As someone with a 17 yr old, 5 dn's and decades of experience looking after other people's children - I find these threads are excellent for spotting the parents of children who will not be INVITED to parties in the near future.
Abuse is wrong but discipline is a necessary part of parenting and that seems to be getting forgotten imo in recent years. It does children NO favours not to discipline them. Not to teach them boundaries and what is acceptable behaviour.
Op yanbu to follow through.
1 a party is the last thing he needs if he's tired and on edge
2 kids - yep even 4 year olds - are not stupid. You back out of a threat they will smell blood 😂 it weakens your position in the future.
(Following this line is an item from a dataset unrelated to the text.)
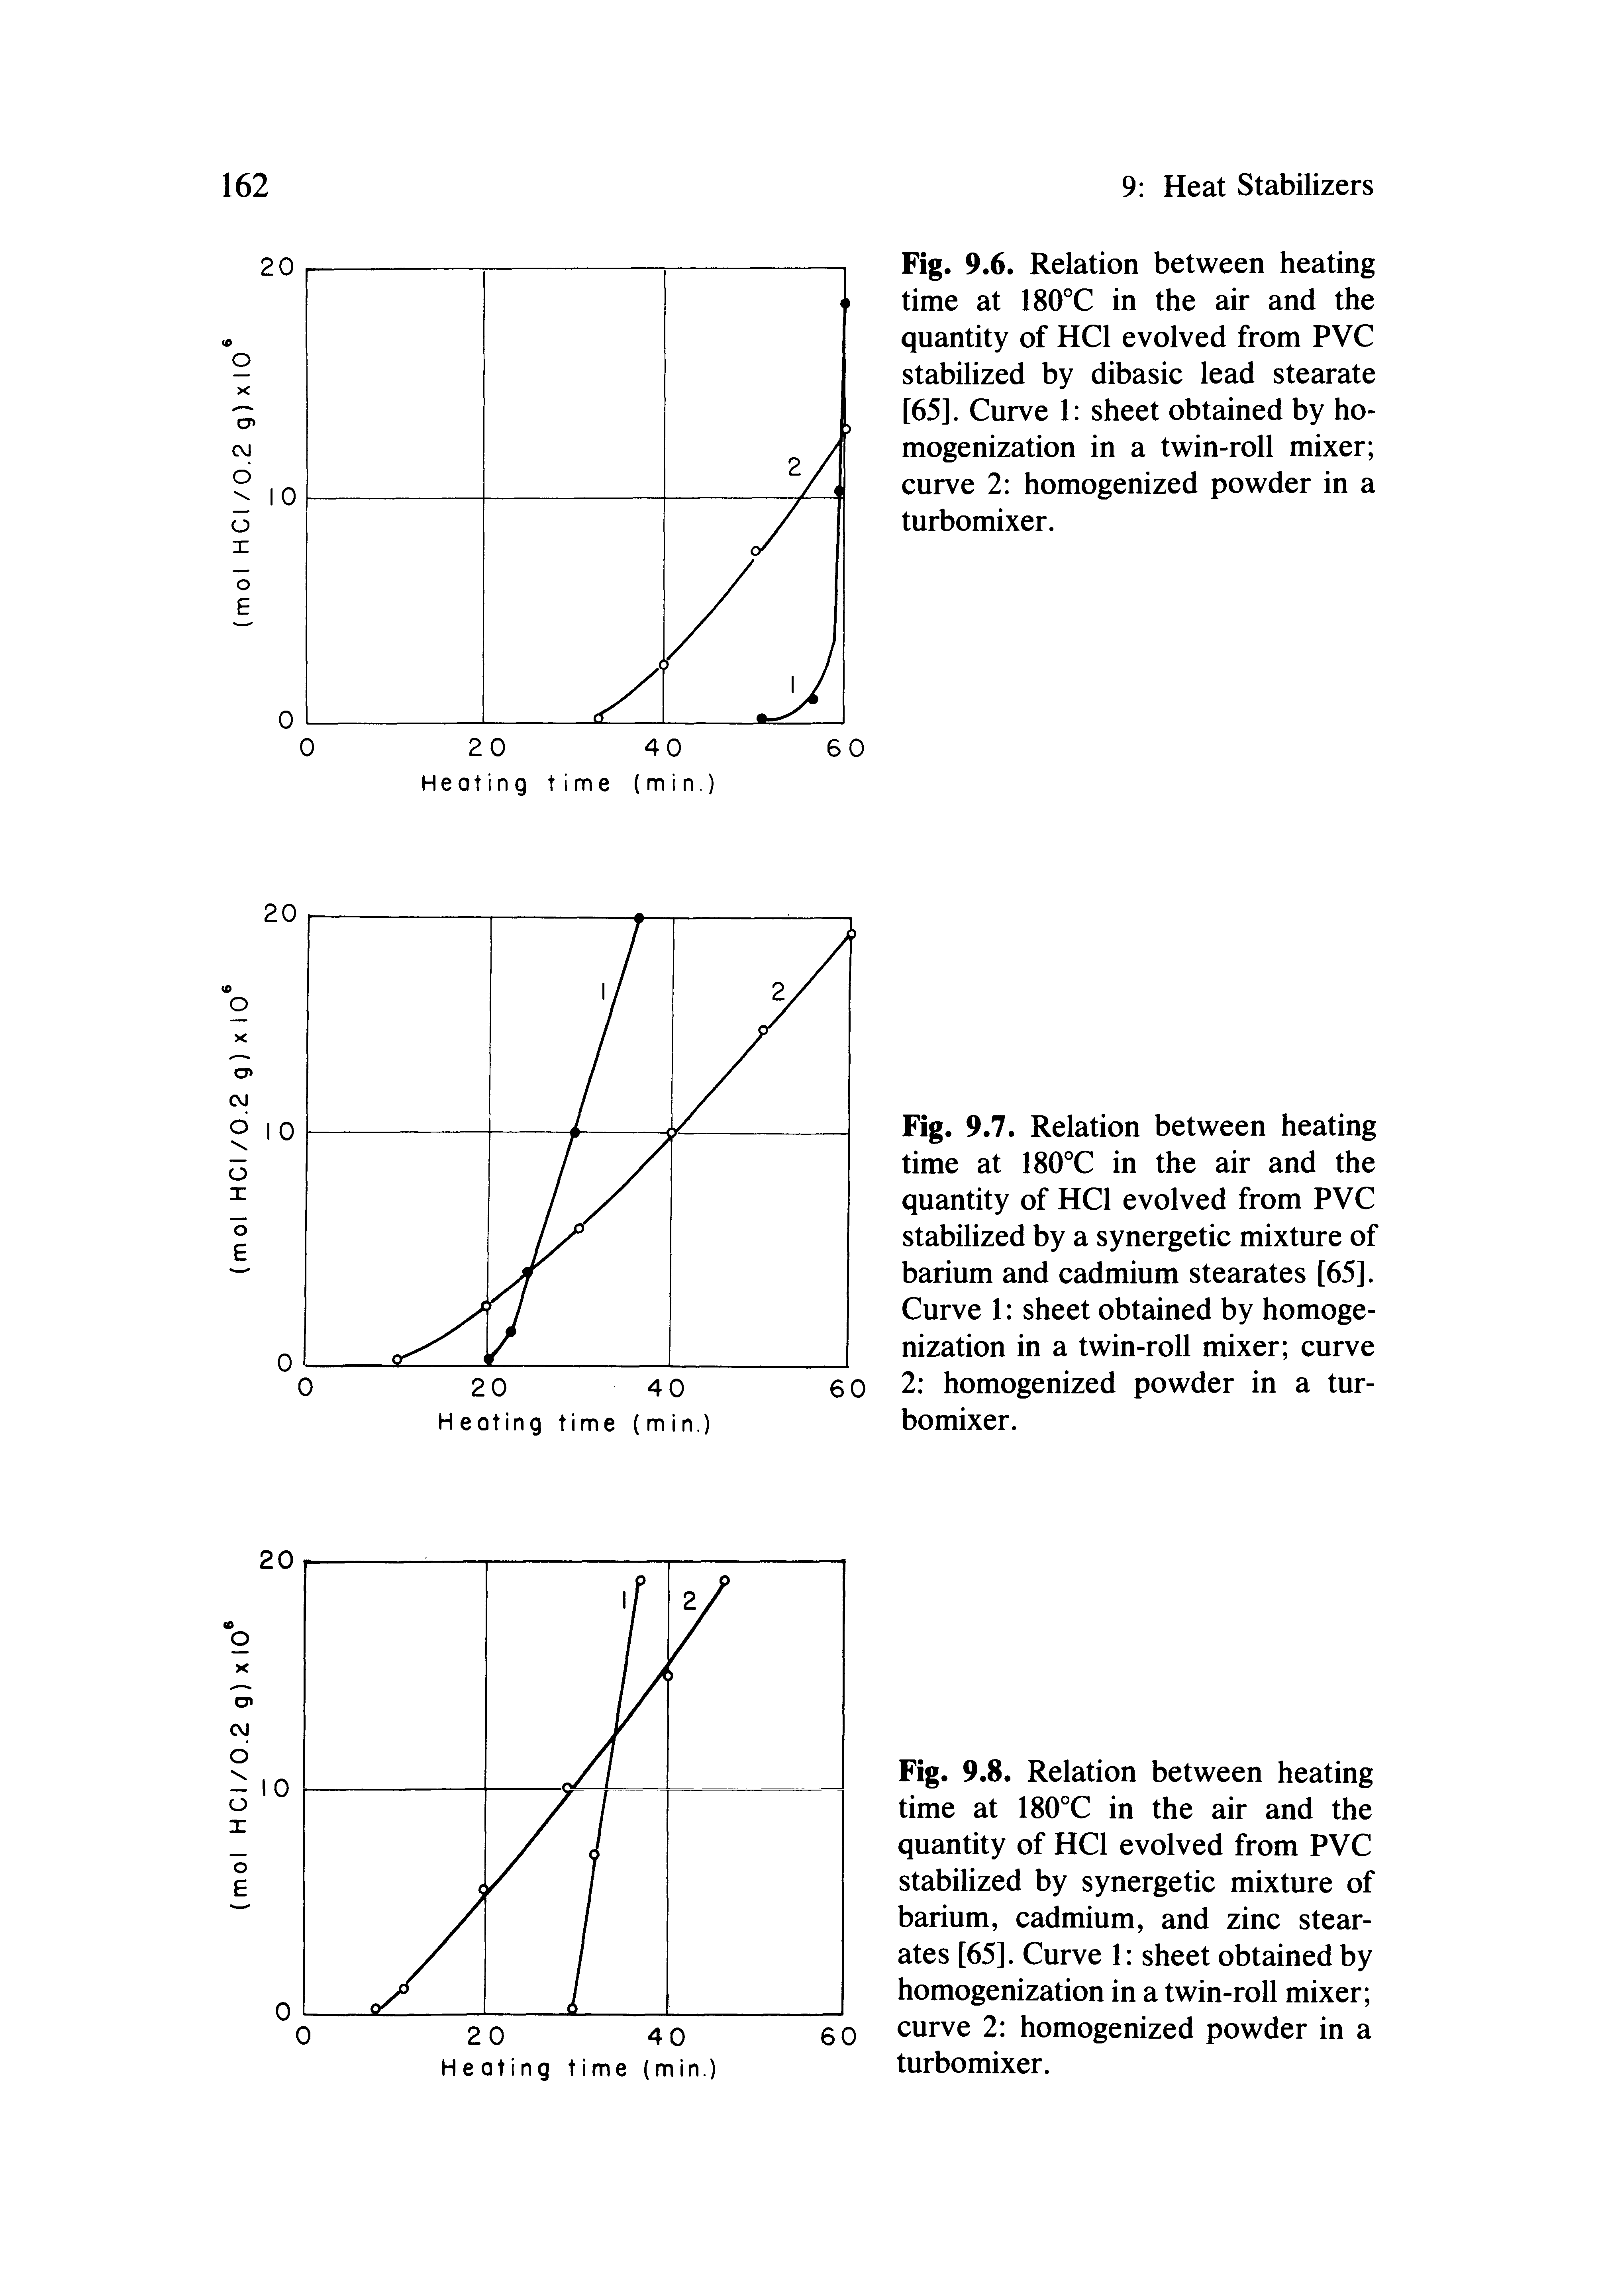 Fig. 9.7. Relation between heating time at 180°C in the air and the quantity of HCl evolved from PVC stabilized by a synergetic mixture of barium and cadmium stearates [65]. Curve 1 sheet obtained by homogenization in a twin-roll mixer curve 2 homogenized powder in a turbomixer.

3 he absolutely IS old enough to understand this is a consequence of his poor behaviour
4 it would be unfair on the birthday child and their family to have to tolerate a poorly behaved child possibly upsetting others.
Graduated discipline (which the op has ALREADY DONE) is completely sensible, but at some point as a parent you have to say enough is enough or else you're going to be raising a child who doesn't understand boundaries and that is going to impact on friendships and achievements.
I've seen long term the effects of soft parenting, it doesn't serve the children well.
"I'm seeing the results of the kids who "are just 4" "are just little" "are behaving that way because overtired" and who didn't have parents who followed through." Exactly!
I've seen it particularly with a girl my dd was friends with from primary but her mum NEVER followed through. As a result she's very entitled and has lost all her close friends now, the "friends" she has now are only friends with her because of what she can provide them (single mum and nrp dad both ridiculous on material stuff to assuage their "guilt" on her not having a traditional family)
My sisters children the same is happening. We're Nc but small locale so stuff gets back to me. Her eldest (a very bright, confident child) is repeatedly getting in trouble at school, middle child is struggling to make friends, youngest is still tantrum central aged 5.
I've seen the difference with children I've minded/nannied too.